═════ Data section

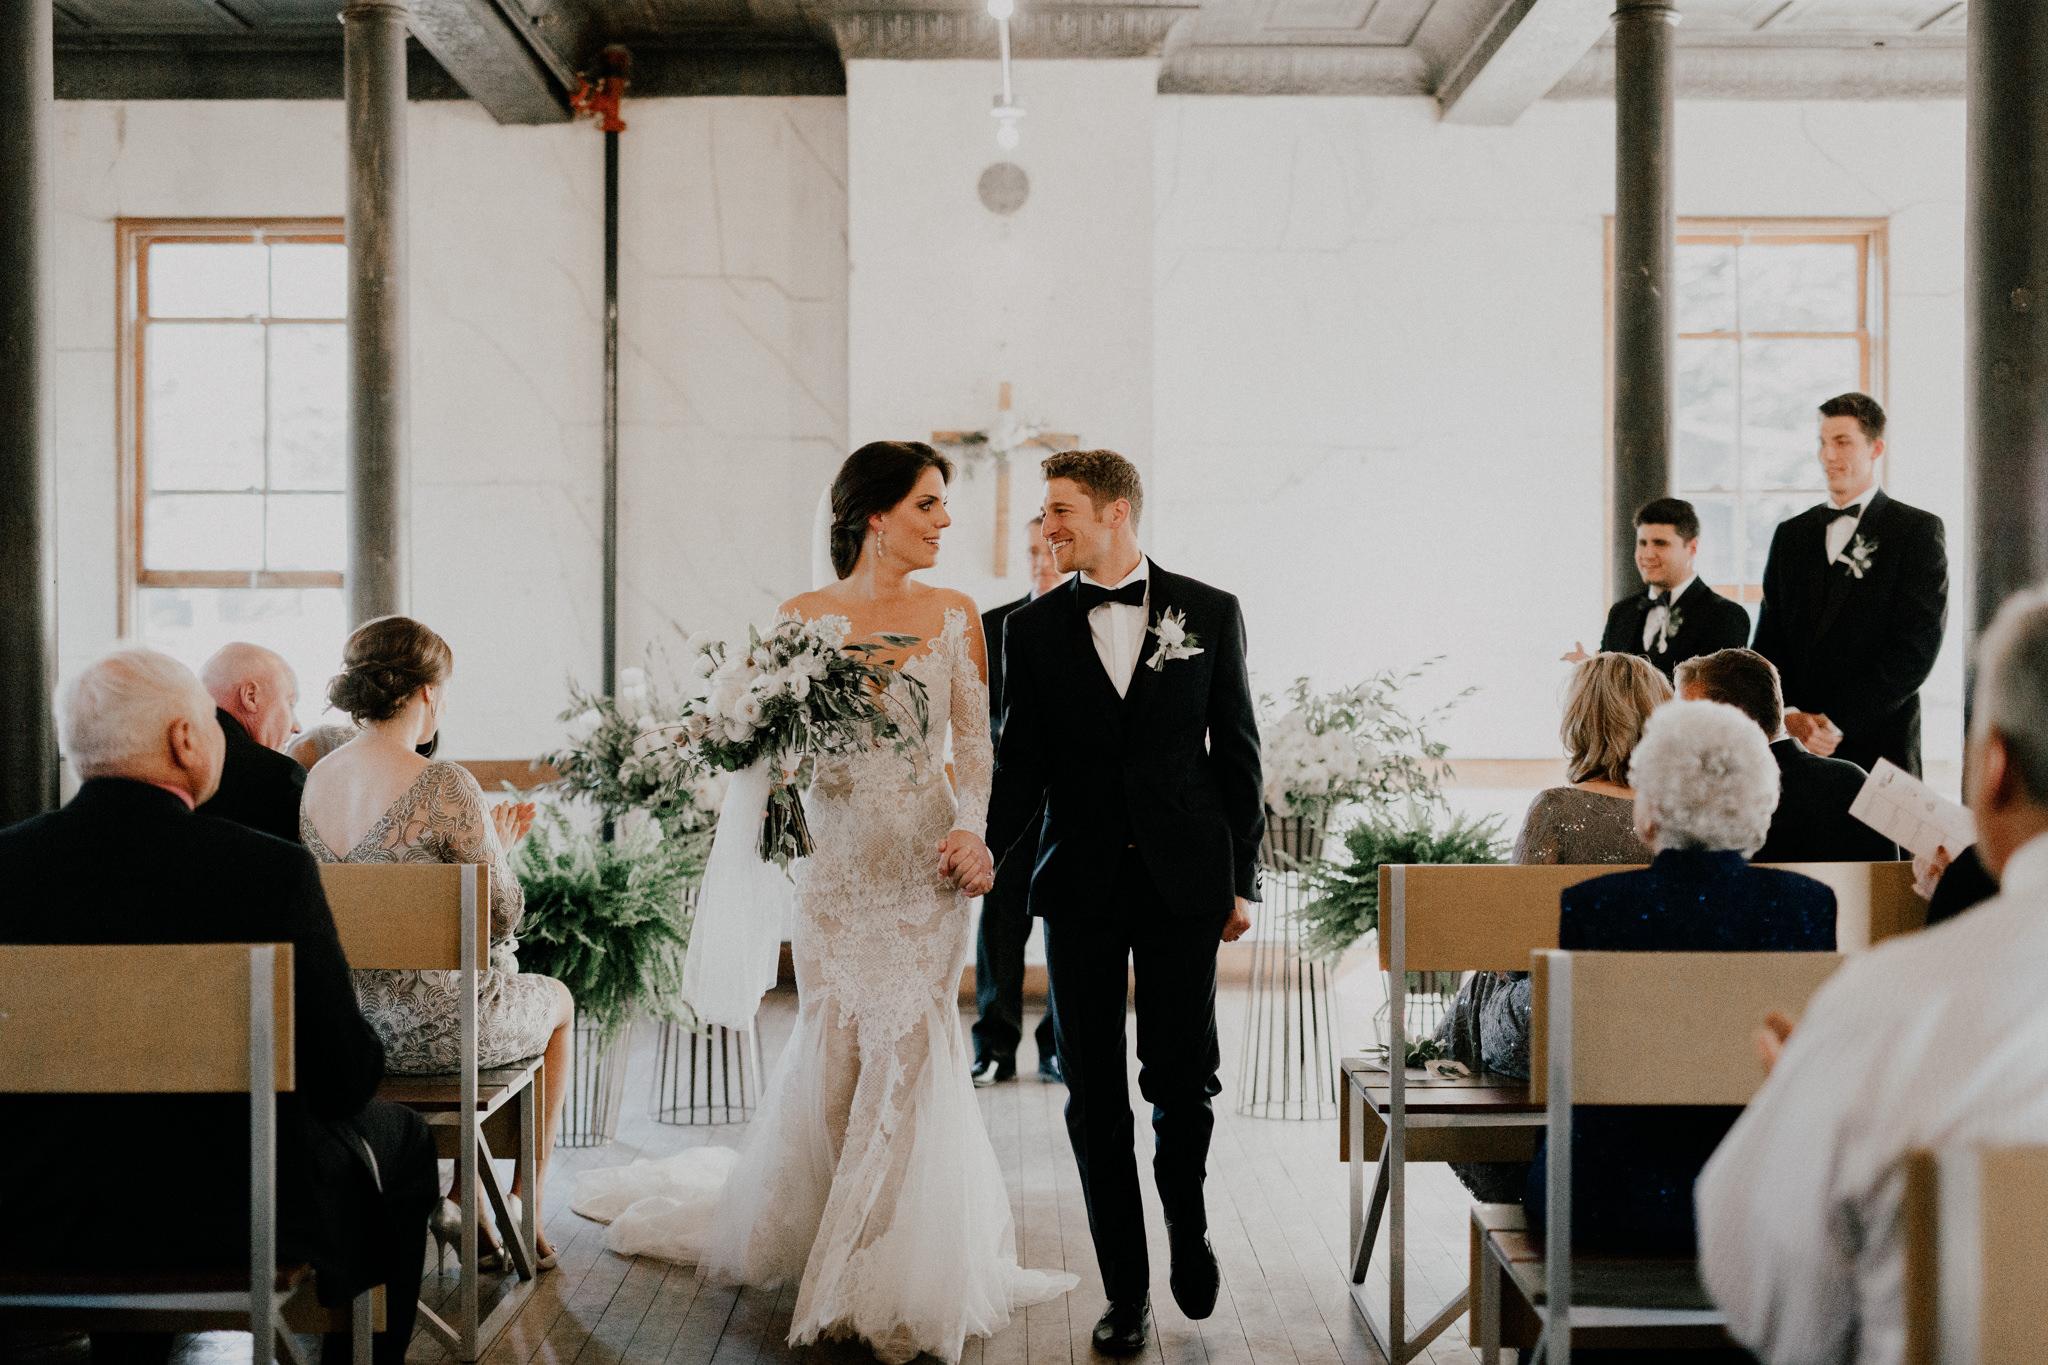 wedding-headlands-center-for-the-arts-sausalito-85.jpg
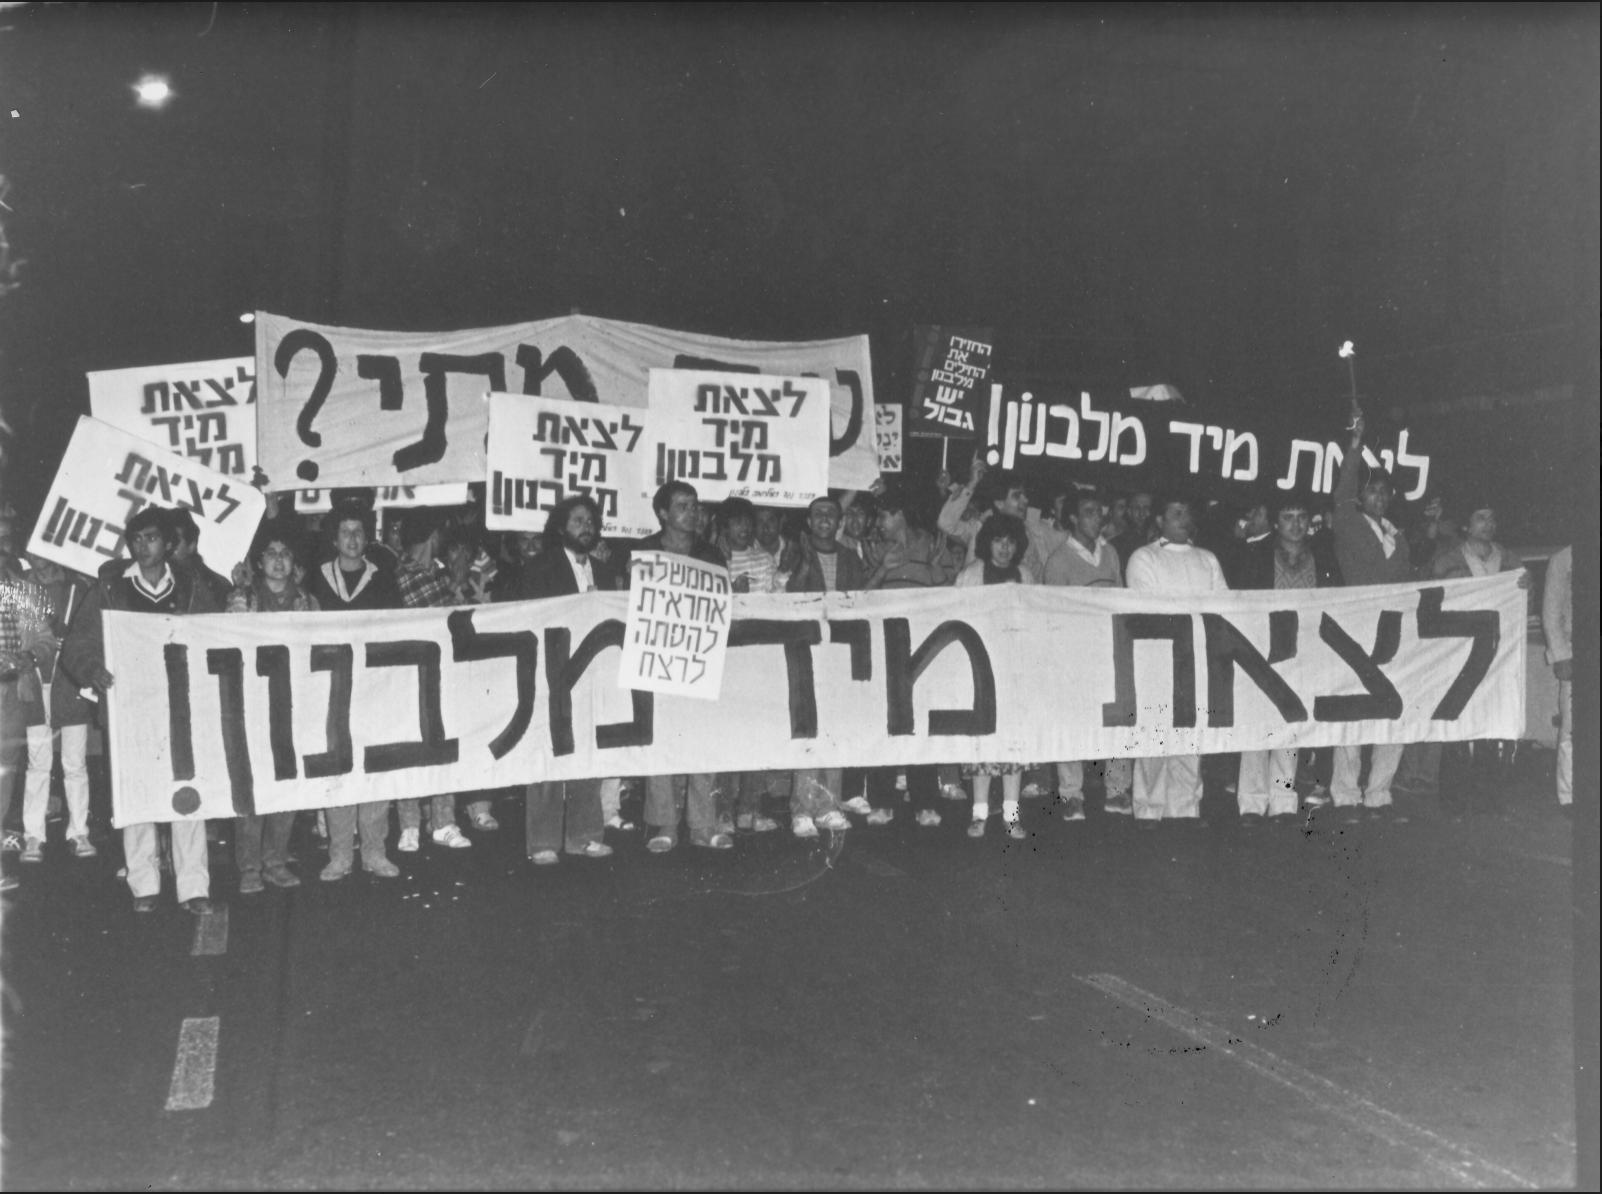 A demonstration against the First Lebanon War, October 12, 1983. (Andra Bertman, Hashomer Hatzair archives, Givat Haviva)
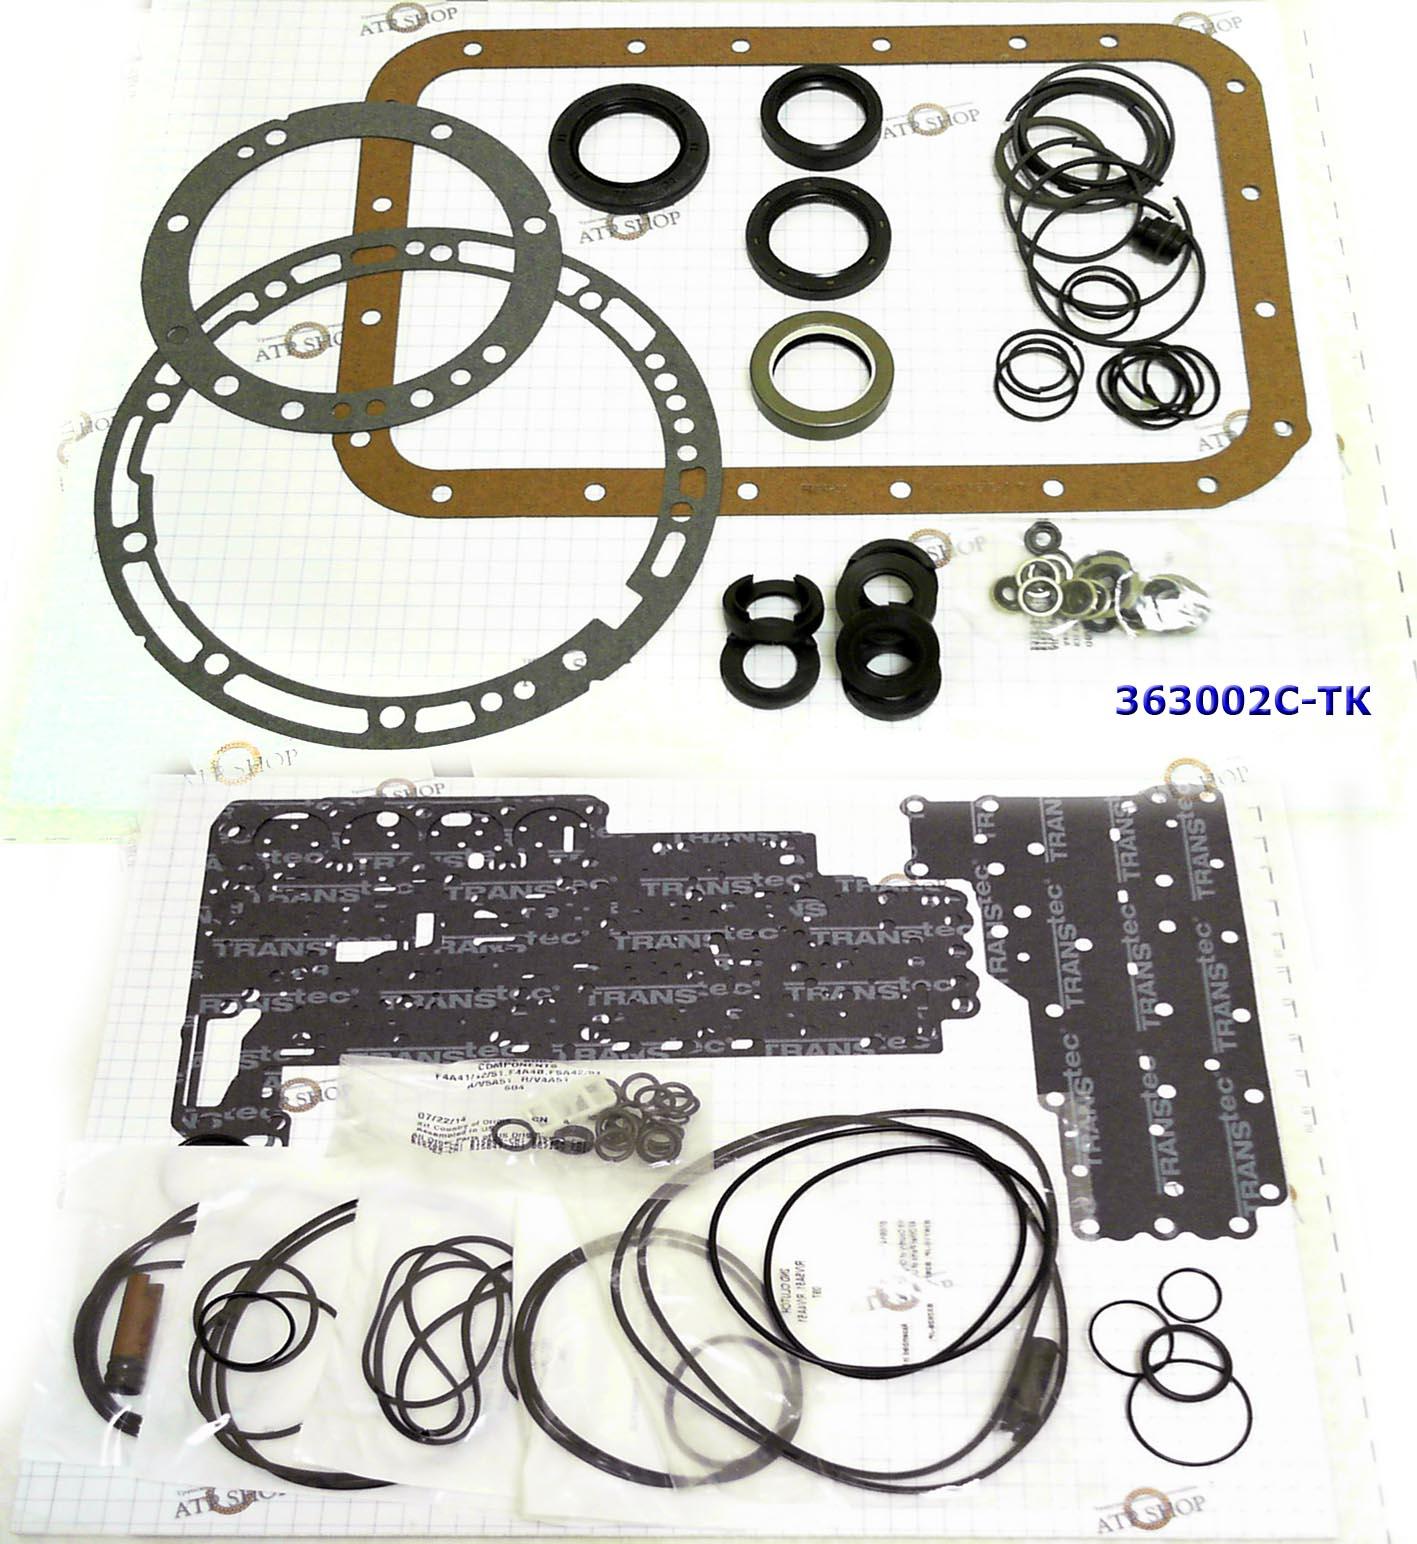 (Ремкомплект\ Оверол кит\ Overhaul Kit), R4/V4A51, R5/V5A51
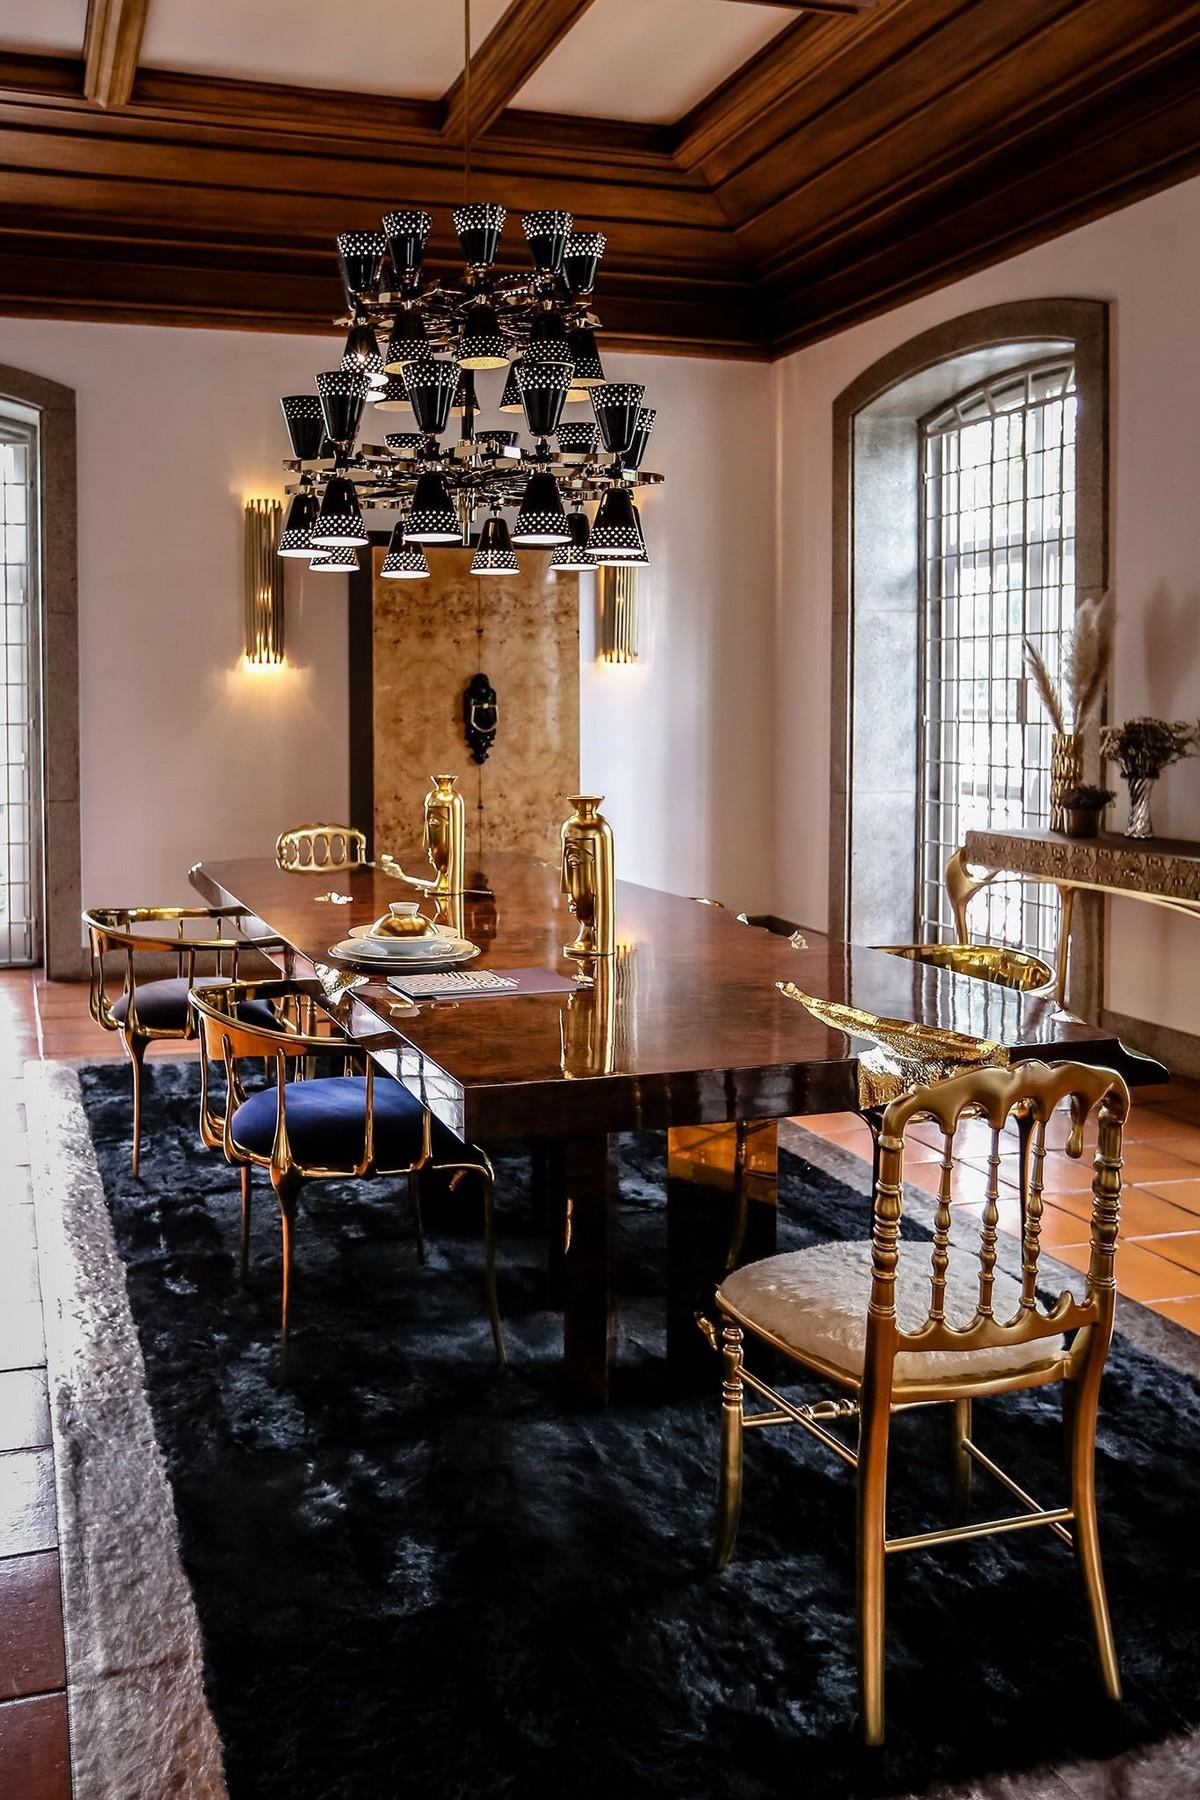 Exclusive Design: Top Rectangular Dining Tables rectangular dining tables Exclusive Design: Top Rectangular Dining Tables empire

══════════

Return the data word for word without its pictures.

### Problem solution
 wedding-headlands-center-for-the-arts-sausalito-85.jpg
 A demonstration against the First Lebanon War, October 12, 1983. (Andra Bertman, Hashomer Hatzair archives, Givat Haviva)
 (Ремкомплект\ Оверол кит\ Overhaul Kit), R4/V4A51, R5/V5A51
 Exclusive Design: Top Rectangular Dining Tables rectangular dining tables Exclusive Design: Top Rectangular Dining Tables empire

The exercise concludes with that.